Жукову, который ждал его в кабинете дежурного по управлению, Костенко сказал:
– Я, знаете ли, прессу задействовал…
– Это как?
– Это называется дезинформация. Писать им все равно надо, в городе о деле говорят, так пусть напишут в наших интересах: «вскорости будет предъявлено обвинение рецидивистам» – это первая пуля, которую я отлил, а вторая – дата преступления: я назвал весну. Если Милинко посещает центральные библиотеки страны и следит за новостями в городе, он обрадуется этой информации, поверьте мне. Кстати, хорошо бы проверить, кто выписывает здешние газеты на Большую землю?
Жуков что-то отметил в блокнотике, покачал головой:
– Версия занятна, товарищ полковник, но у нас бумажный голод. А с дезинформацией – это вы ловко, я б недодумал. Спасибо за подсказ. Как фамилия журналиста?
– Девушка. Очень милая. Кира Королева.
РЕТРОСПЕКТИВА-IV (Вайсвальд, под Бреслау, март 1945 года)
Кротов лежал на взгорке, в лесу; дорога была под ним как на ладони. По ночам гудели танки и артиллерия, «полуторки» и «студебеккеры», походные кухни. Днем редко проносились «трехтонки» и «эмочки». Хотя немецких истребителей почти не было в небе – бензина в рейхе кот наплакал, – но красные про это, как видно, не знают: таятся, дурачки, только ночью двигаются…
«А вот бы выйти на дорогу и сказать: „Братцы, я вам тайну открою, тогда, может, жизнь сохраните, а больше мне ничего не надо“, – думал подчас Кротов, но мысль эта исчезала, как только появлялась. – Нечего химеры-то плодить, – одергивал он себя, – мне рассчитывать не на что».
То, что он ошибся в своих расчетах и пошел не на запад, а на восток, стало ясно ему лишь на следующую ночь, когда он выбрался из города, охваченного дымным пламенем, и увидел,
наконец, звезды. Он забился в лес, в чащу, развязал мешок, достал хлеб, поел, запил водкой, один глоток, чтобы не простудиться, настелил хвойных лап, лег и долго, в ы с ч и т ы в а ю щ е рассуждал, как быть. Поворачивать на запад сейчас же нельзя, риск слишком велик. Без документов, без советской формы, в немецком пальто – сразу угодишь в СМЕРШ. Нужна военная форма, бумаги, тогда можно в л и т ь с я, чтоб добивать «г а д а в е г о л о г о в е». А потом драть на запад, в Швейцарию куда-нибудь или еще подальше, в Южную Америку, там в Парагвае гитлеровский родственник, что ль, правит, можно будет отсидеться.На этом взгорке Кротов лежал уже второй день. Ему была нужна одиночная легковая машина или грузовик, но без пассажиров, пусть бы даже в кабине шофер не один, только б в кузове никого. Сбежать вниз, закричать: «Браток, я из плена!» А там все легко. Даже если двое в кабине – они ж для тепла набиваются, быдло, – и с этим можно управиться; кто ж это рассказывал про мужика, который с бабой на Севере жил, по тундре шел за золотом, она еще ему свою пайку отдавала, с голодухи, дура, померла, а он все полз, пока не дополз, жить хотел, а кто не хочет, я б тоже полз… А, это Козел рассказывал, точно, он любил рассказывать эту историю, кто ж ее написал-то?! Только не русский, так бы русский не полз, немец, что ль? А почему на Севере дело было? У немцев Севера нет, слякоть одна, грязь…

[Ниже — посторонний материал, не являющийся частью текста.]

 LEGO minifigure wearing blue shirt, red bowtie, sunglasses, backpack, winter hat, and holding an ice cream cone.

Дважды проходили пешие, в форме, легко раненные – по десять-двенадцать человек; видимо, чапали в госпиталь. Кротов сразу прикидывал рост, ширину плеч, размер ног; пусть больше будет, только бы не мало.

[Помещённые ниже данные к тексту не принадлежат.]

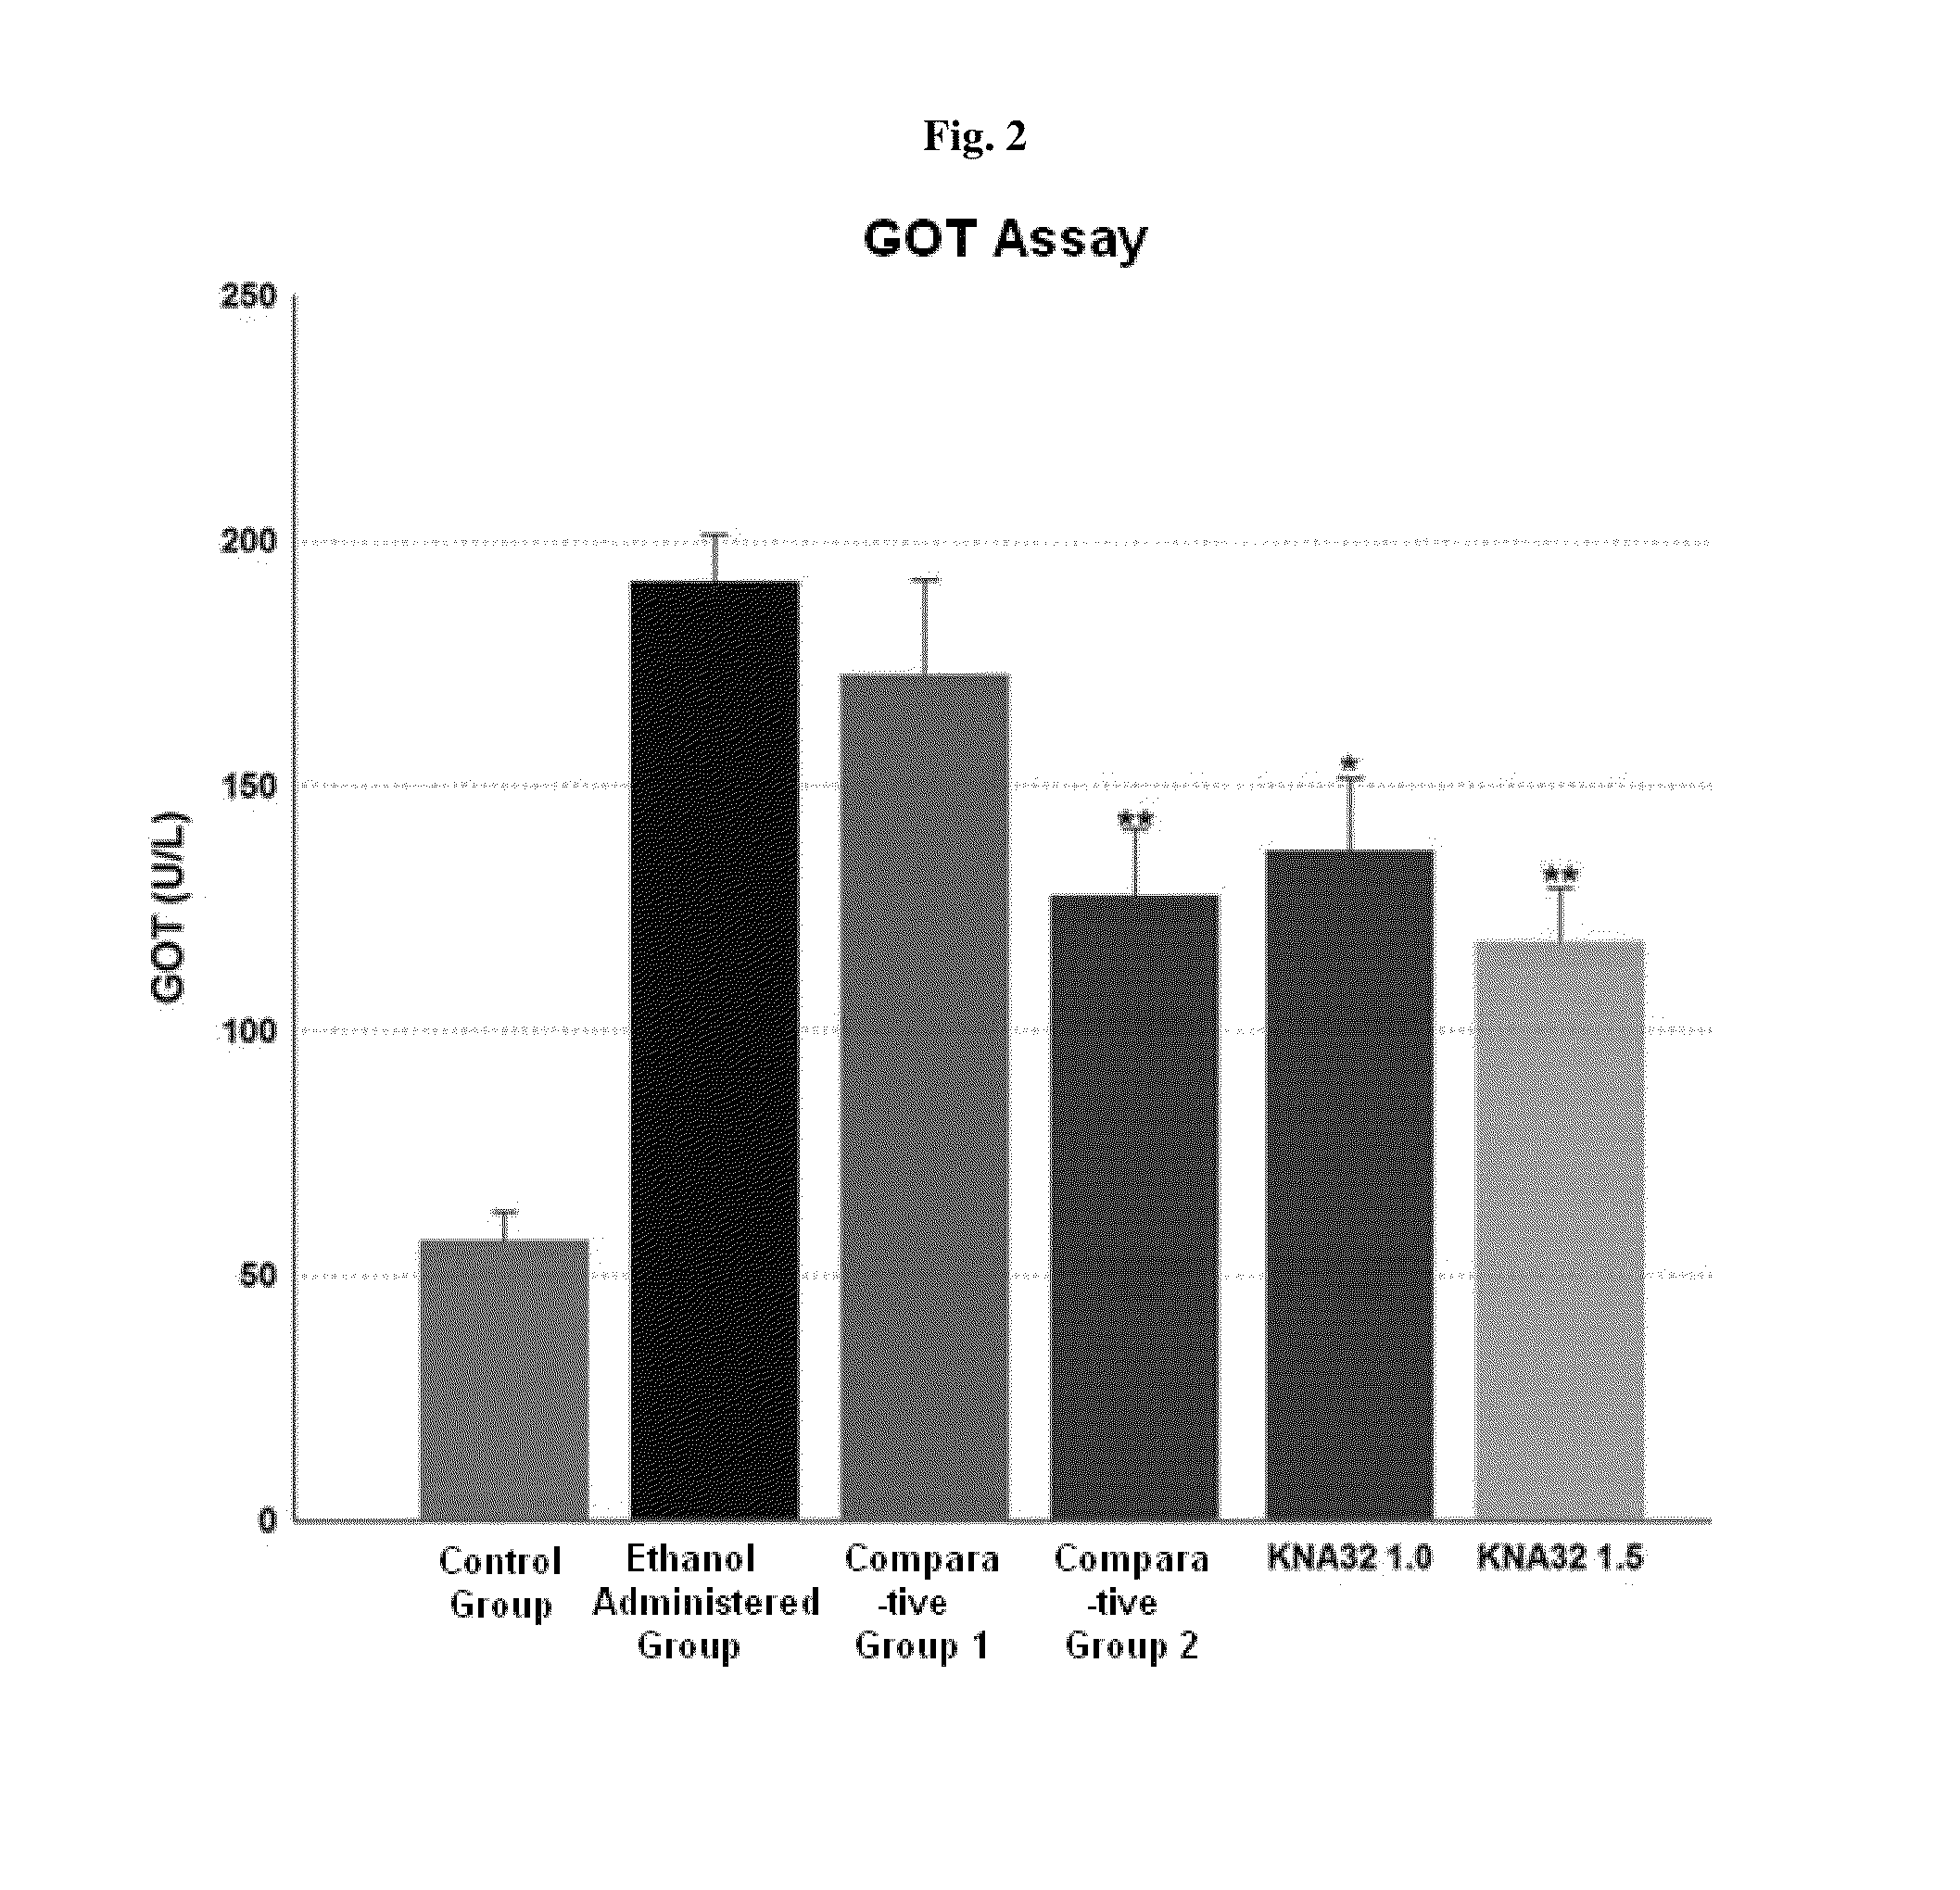 Composition for preventing and/or alleviating hangover comprising extracts of sophora flavescens

«А если все ж себя назвать, признаться, что раненого забрали в плен? – думал он, неотрывно глядя на дорогу, и возражал себе: – Нельзя, докопаются. Я ж следы оставил, сколько следов! Надо было б хоть названия лагерей выучить, фамилии забитых комиссаров запомнить, чтоб на кого сослаться: мол, друзья, на одних нарах спали, вместе лагерное подполье создавали…»

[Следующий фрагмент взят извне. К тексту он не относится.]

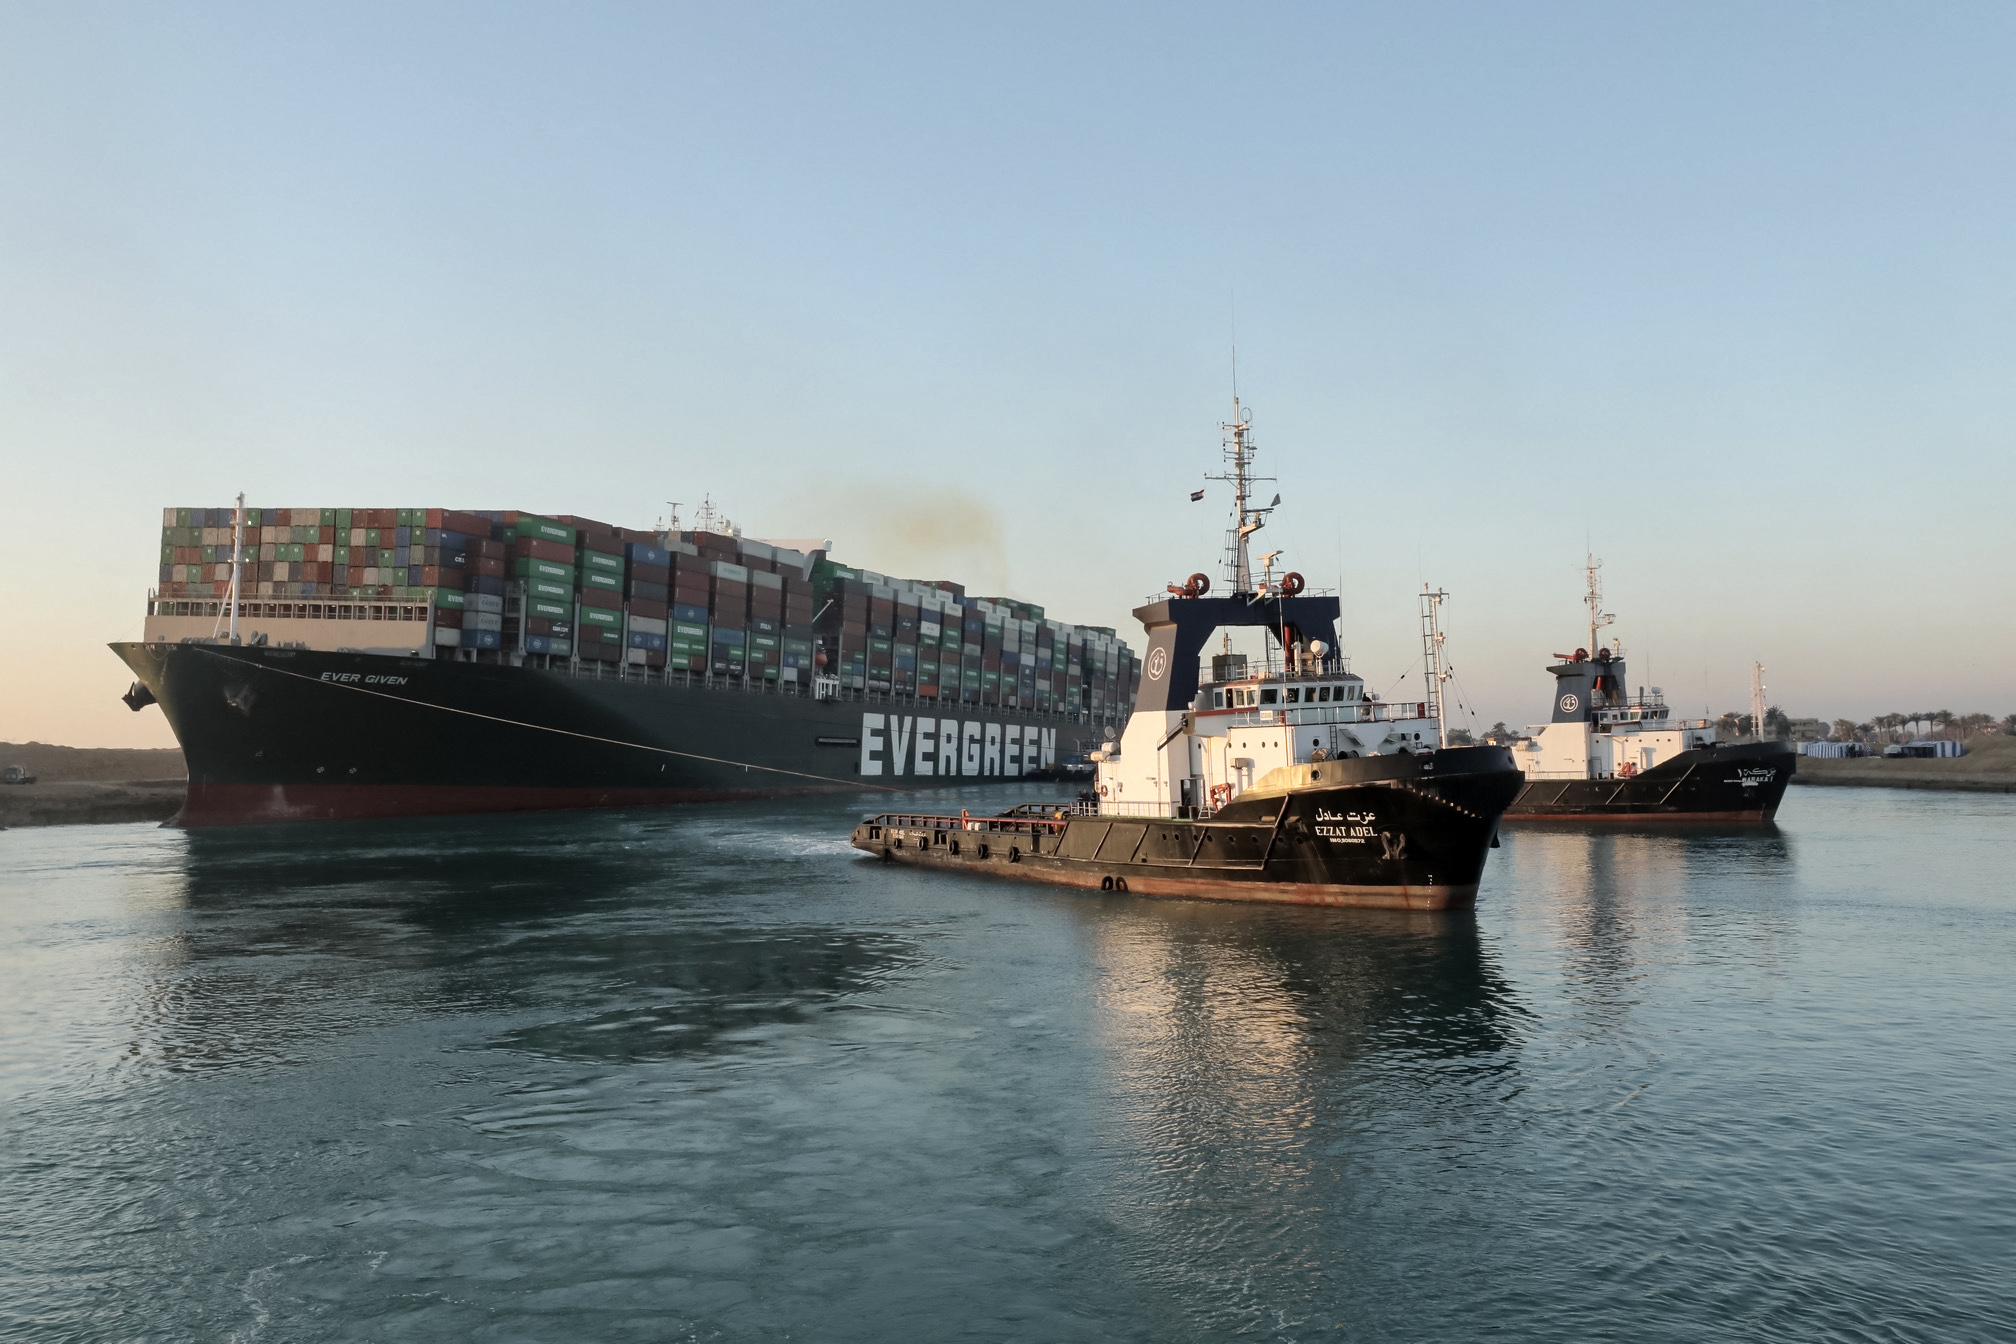 PHOTO: Tugboats are seen pulling the "Ever Given" container ship stuck sideways across Egypt's Suez Canal in this handout photo released by the Suez Canal Authority on March 29, 2021.

Топорик, который ему выдали во время первого заброса в тыл большевиков, лежал рядом, отточенный, как бритва; нож – в кармане пальто; парабеллум с двумя обоймами он завернул в бумагу и предусмотрительно надписал: «В подарок родной Красной Армии – освободительнице от русского пленного».
Он заметил морячка под вечер, когда уже отчаялся дождаться хоть кого-нибудь, решил было отползать в лес, пробираться на запад тропами, а какие здесь у гадов тропы? Лес, как город, ухоженный, на просвет виден!
Морячок шел, чуть пошатываясь, но бинтов на нем Кротов не заметил.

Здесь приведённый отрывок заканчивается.